Additionally, Vedanta had indicated its willingness to submit to the Zambian courts, meaning there was a forum in which the claimants could proceed against both defendants (avoiding the risk of irreconcilable judgments). Thus, if substantial justice were available to all the parties in Zambia, the Supreme Court considered the English courts should decline jurisdiction in favour of the Zambian courts.

However, the Supreme Court agreed with Coulson J's assessment that there was a real risk substantial justice would not be available in Zambia. First, it would have been practically impossible for the claimants to fund their claims given they were all in "extreme poverty", legal aid would not be available and conditional fee agreements are unlawful in Zambia. Second, there were not "sufficiently substantial and suitably experienced legal teams" in Zambia to handle effective litigation of this size and complexity, particularly against a well-resourced opponent like KCM. In considering this issue, Lord Briggs noted Coulson J's detailed examination of other environmental group claims before the Zambian courts, including apparent failings in case preparation (perhaps due to insufficient funding) which meant that save for a small minority the claimants were "almost routinely unsuccessful".

Key takeaways

The judgment will be of acute interest to multinationals seeking to balance the need to ensure their subsidiaries' operations are conducted safely and with respect for human rights with the risk of opening up parents to litigation in the jurisdiction of their headquarters. The Court of Appeal's decisions in Unilever and Shell had led many to take the view that, provided subsidiaries were themselves responsible for implementing group environmental and human rights policies, the fact that these were designed and applied at group level would not lead to parent company responsibility. But the Supreme Court's comments mean this can no longer be presumed to be the case.

Moreover, the confirmation that there are no special restrictions upon the circumstances in which a duty of care can be imposed upon a parent for its foreign subsidiaries' actions may pave the way for claims against parent companies in a broader range of circumstances than previously thought.

It is therefore likely that the best way to mitigate the risk of group claims of this nature will be for English-domiciled companies to conduct thorough due diligence, adopt and implement effective group-level policies and work with their subsidiaries to effectively mitigate risks in domestic and overseas operations.

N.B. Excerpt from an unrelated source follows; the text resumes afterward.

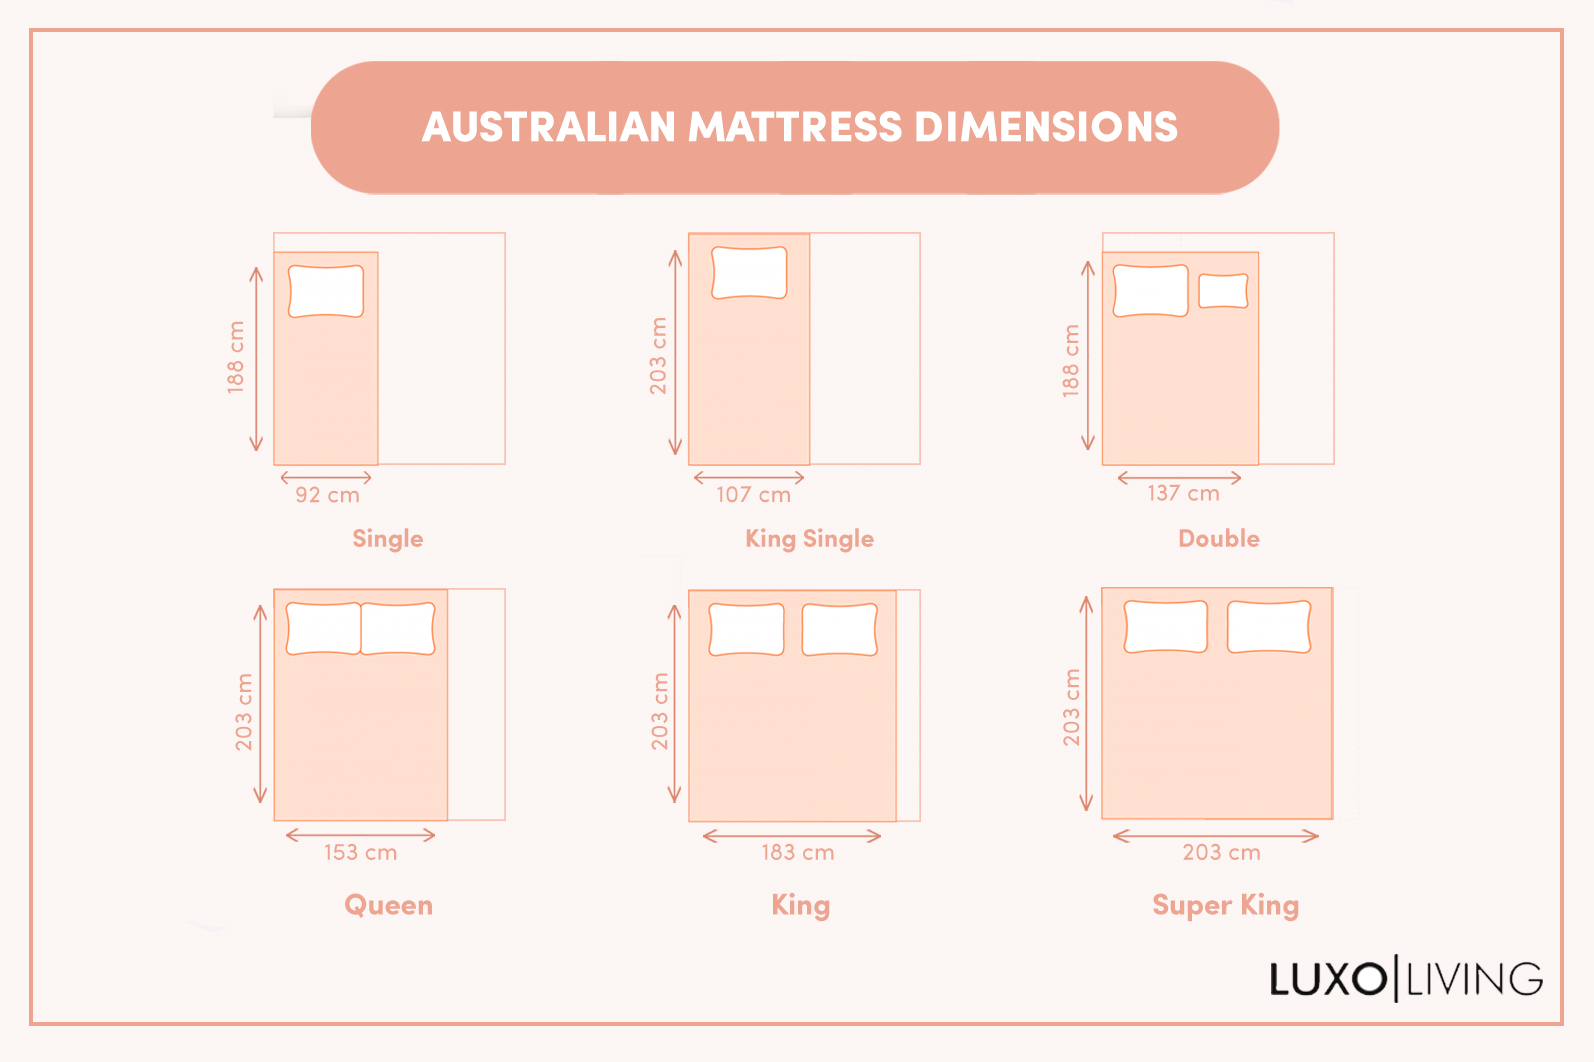 Bed Size Guide Australian Standard, What Size Is King Bed In Cm

On the other hand, the Supreme Court's confirmation that Zambia was the proper place for the claim may deter future claimants from coming to the English courts where the only connecting factor is the domicile of the relevant parent company. Moreover, the relevance of the availability of funding and appropriate legal expertise in claimants' home jurisdictions demonstrates the English courts' determination of jurisdiction questions may vary significantly depending on where the claim originates.


1 The other two recent Court of Appeal decisions in this area are HRH Emere Godwin Bebe Okpabi and others v. Royal Dutch Shell plc and another [2018] EWCA Civ 191 (Okpabi v. Shell) and AAA & Others v. Unilever PLC and Unilever Tea Kenya Limited [2018] EWCA Civ 1532 (AAA v. Unilever).